-- Opening Marker --
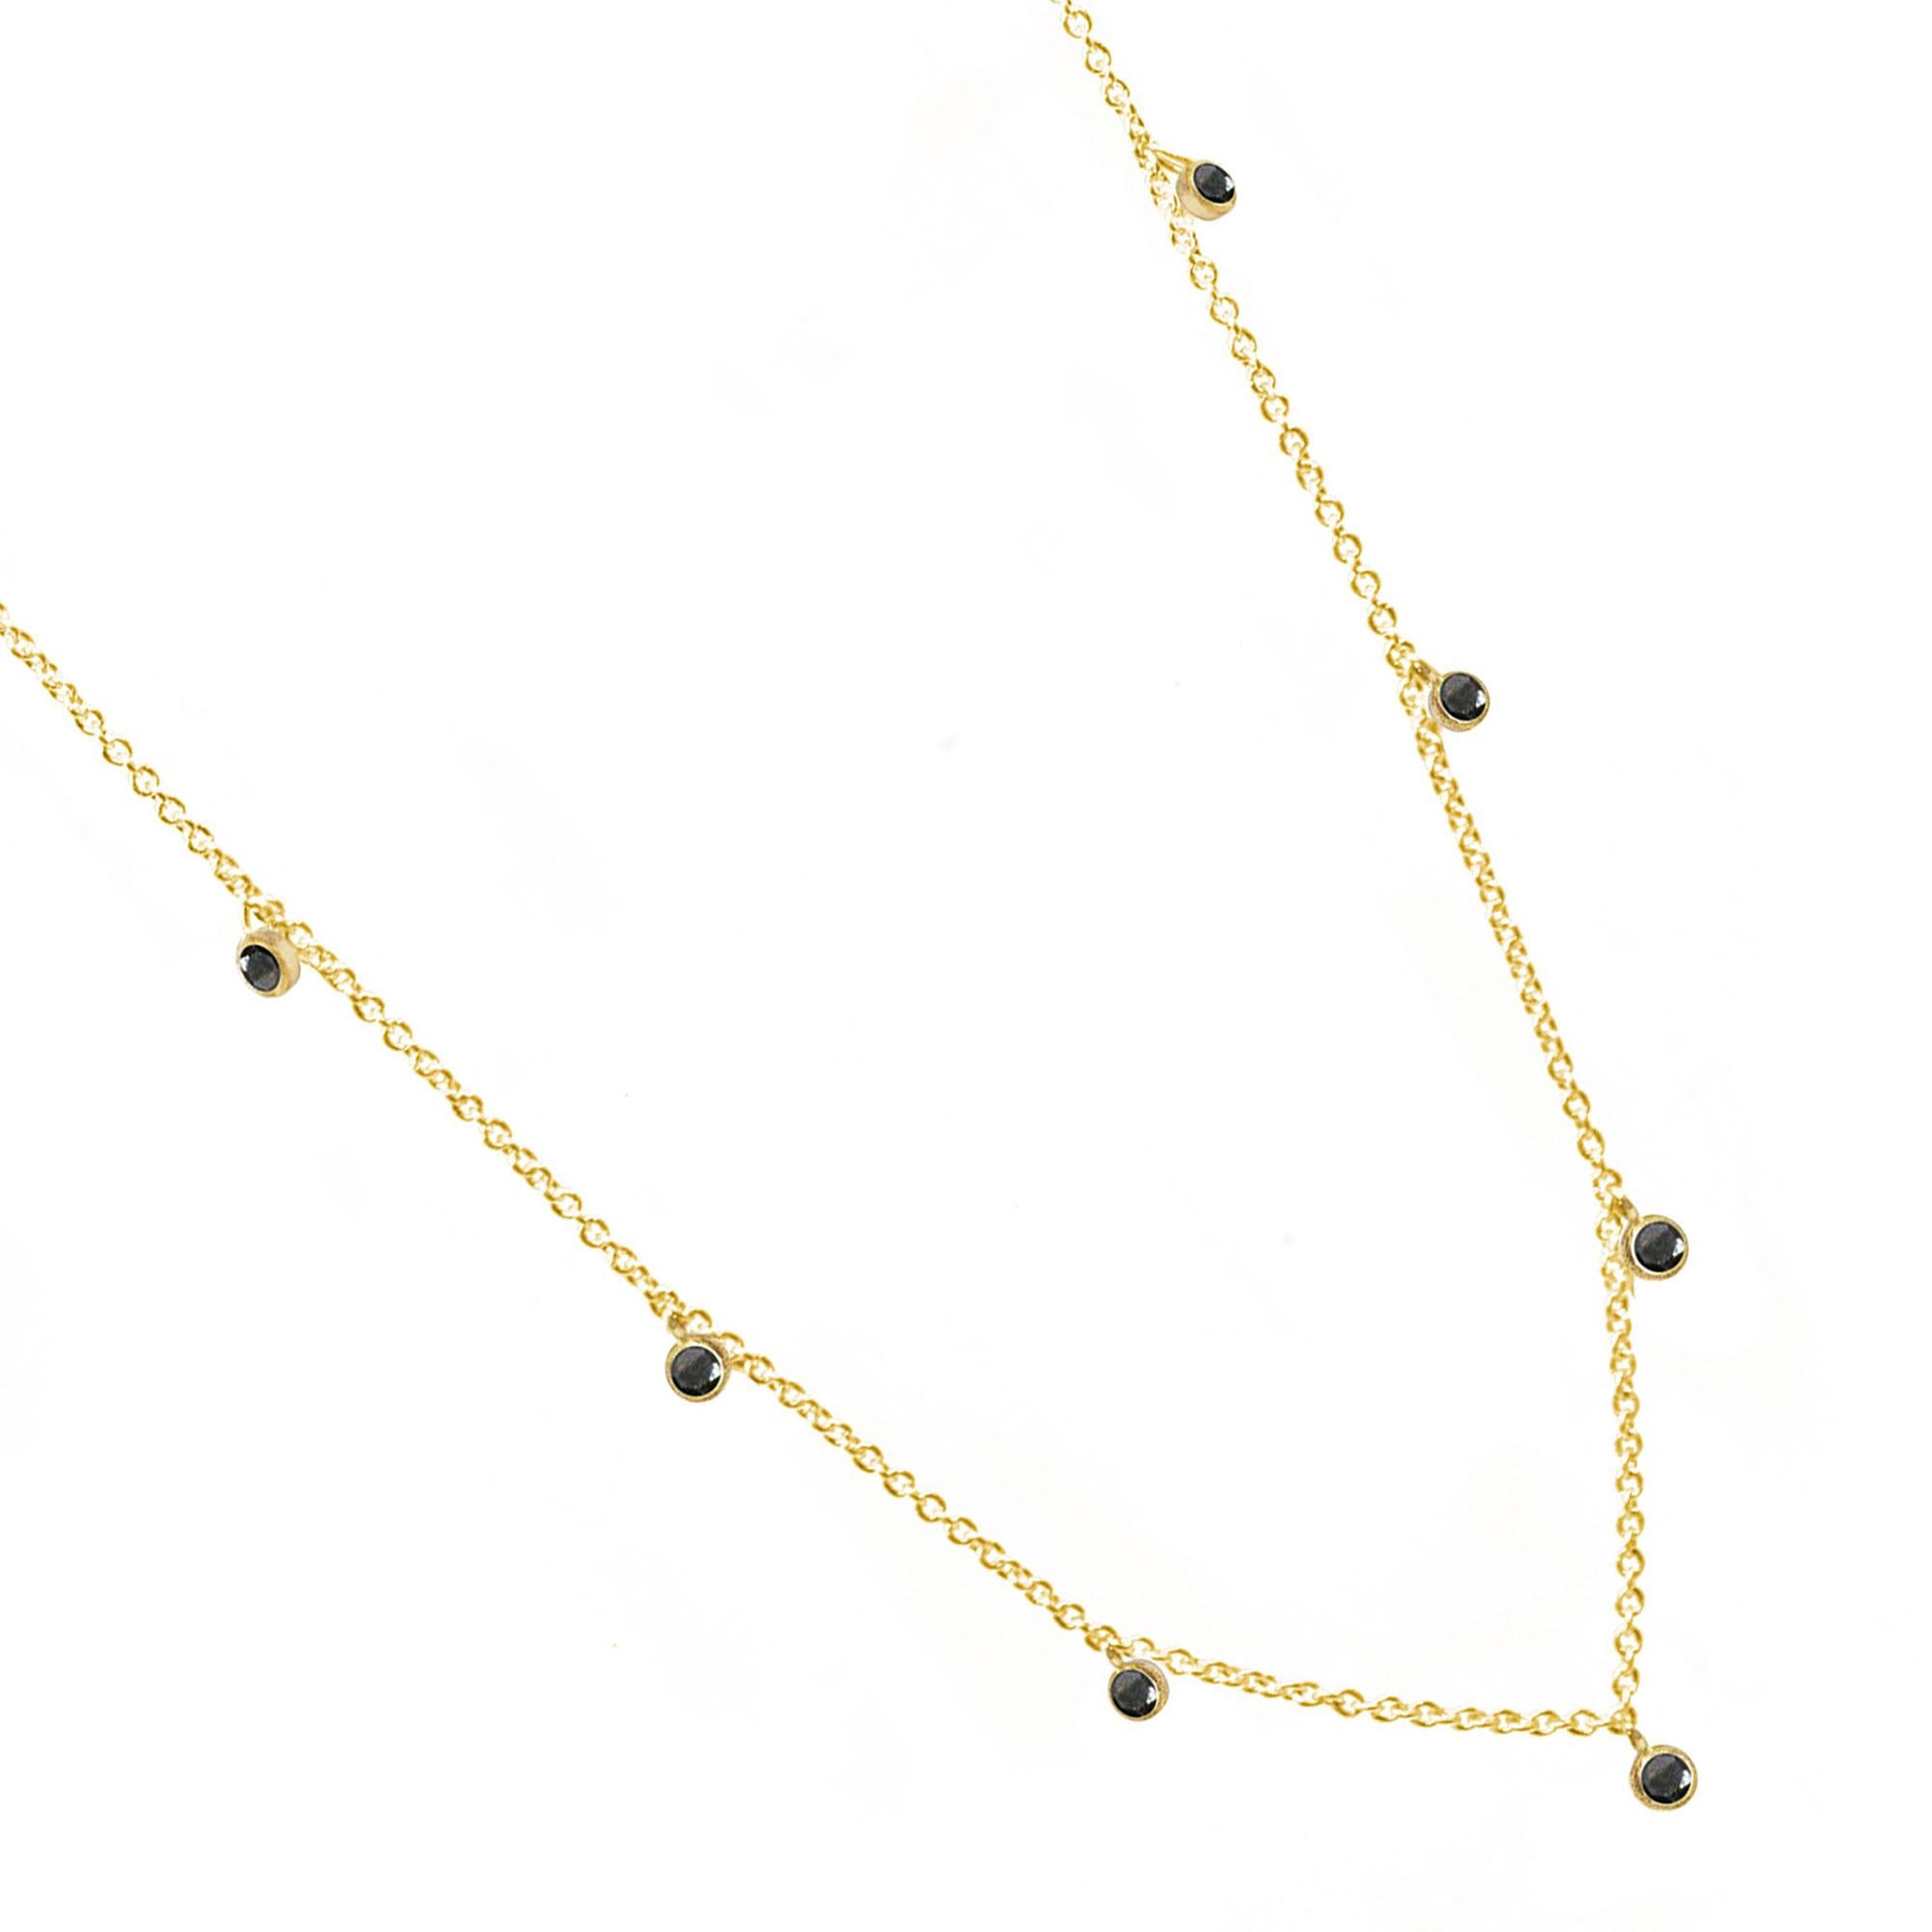 Made with diamond rimmed in gold, our Forged Gold Necklace provides an effortless, yet fashionable style.

Details
Metal: 18K Yellow Gold
Diamond carat: 0.3
Length: 15-17''
Diamond size: 2.5mm
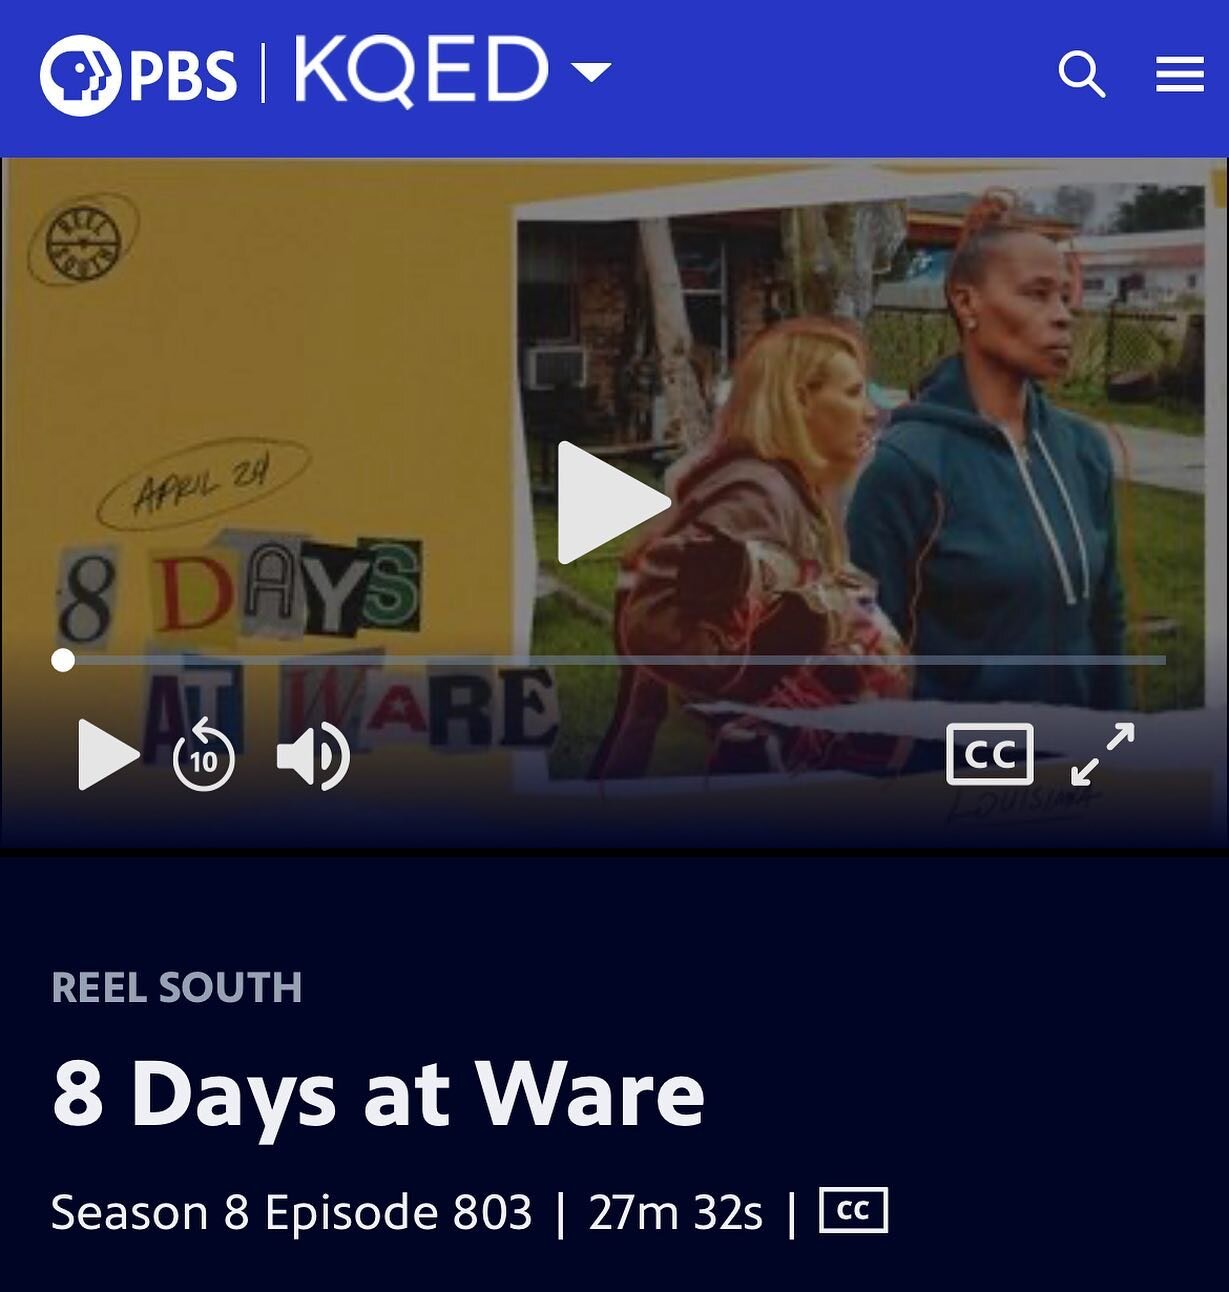 The wait is finally over: @pbs premiered 8 Days at Ware last night - we are part of this season of @reelsouthdocs ! You can watch for free on PBS. 

https://www.pbs.org/video/8-days-at-ware-cvtbb0/
-- Closing Marker --
■ About this exercise ■
Each record, word for word, should be printed again without its pictures.

■ Your response ■
 Made with diamond rimmed in gold, our Forged Gold Necklace provides an effortless, yet fashionable style.

Details
Metal: 18K Yellow Gold
Diamond carat: 0.3
Length: 15-17''
Diamond size: 2.5mm
 The wait is finally over: @pbs premiered 8 Days at Ware last night - we are part of this season of @reelsouthdocs ! You can watch for free on PBS. 

https://www.pbs.org/video/8-days-at-ware-cvtbb0/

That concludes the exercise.